Ask a doctor about a prescription for OKTANIN F 1000 MO

This page is for general information. Consult a doctor for personal advice. Call emergency services if symptoms are severe.
About the medicine

How to use OKTANIN F 1000 MO

INSTRUCTIONS for medical use of the medicinal product AMMONIA SOLUTION 10%

Composition

active substance: ammonia; 100 ml of solution contain 10 g of ammonia; excipient: purified water.

Pharmaceutical form

Solution for external use.

Main physical and chemical properties

Transparent, colorless, volatile, highly alkaline liquid with a pungent odor. During storage, the presence of sparkles and/or slight turbidity is allowed.

Pharmaco-therapeutic group

Agents that affect the respiratory system. ATC code R07A B.

Pharmacological properties

Pharmacodynamics

Ammonia solution belongs to medicinal products that irritate nerve endings.
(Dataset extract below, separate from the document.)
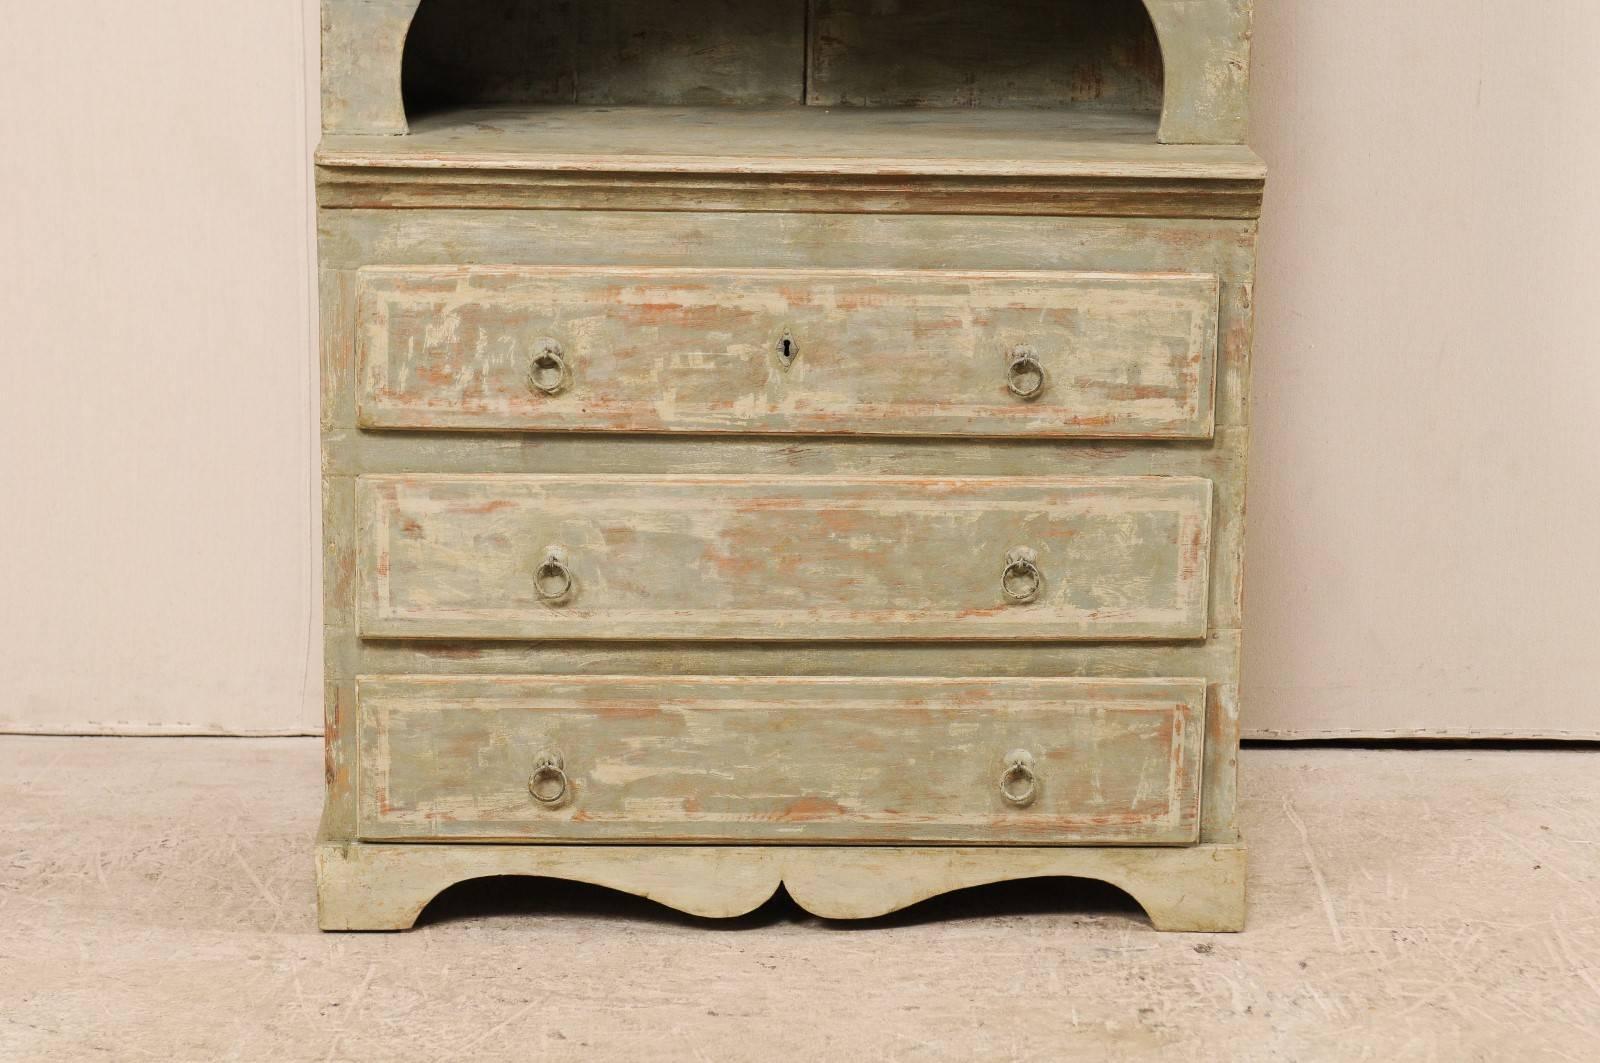 Metal Early 19th Century Swedish Scraped Finish Cupboard with Elegant Scalloped Shapes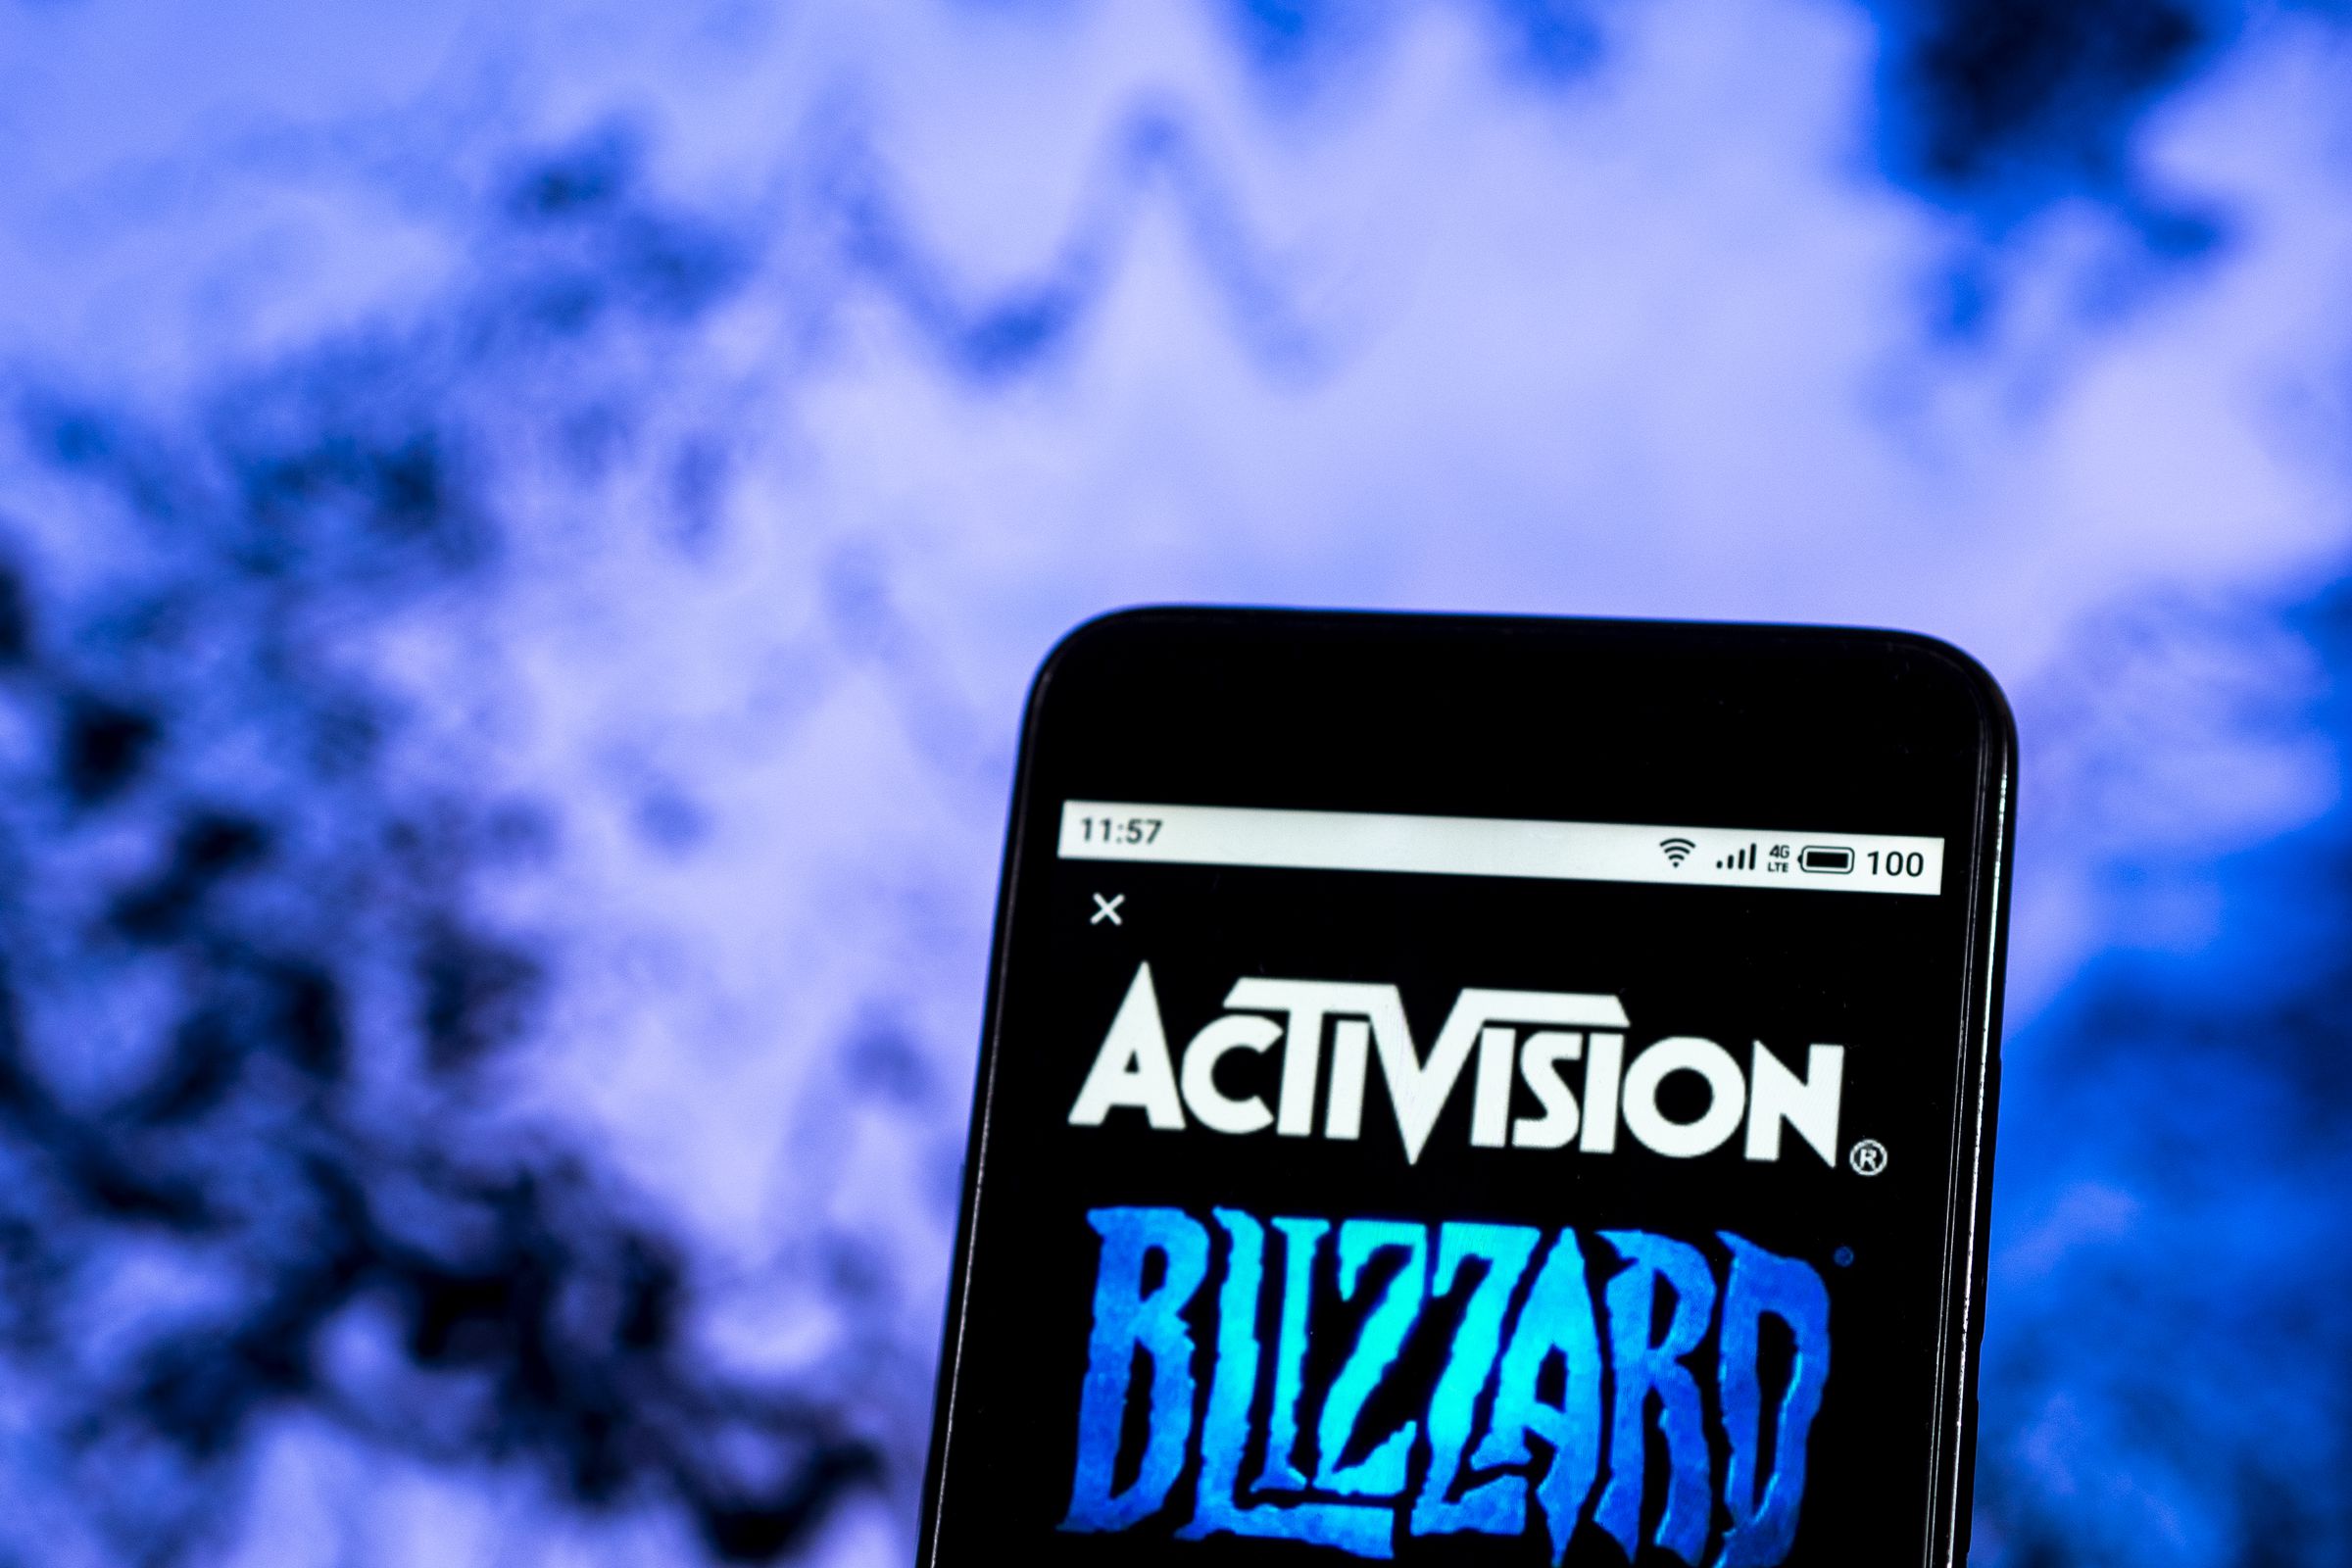 Activision Blizzard Video game company logo seen displayed

The mechanism of action of ammonia when inhaled is based on the reflex stimulation of the respiratory center through receptors of the upper respiratory tract - the endings of the trigeminal nerve.

When applied to the skin, it has an irritating and antimicrobial effect.

Pharmacokinetics

The preparation does not enter the bloodstream.

Clinical characteristics

Indications

Unconscious state, in case of insect bites.

Contraindications

Increased sensitivity to the medicinal product.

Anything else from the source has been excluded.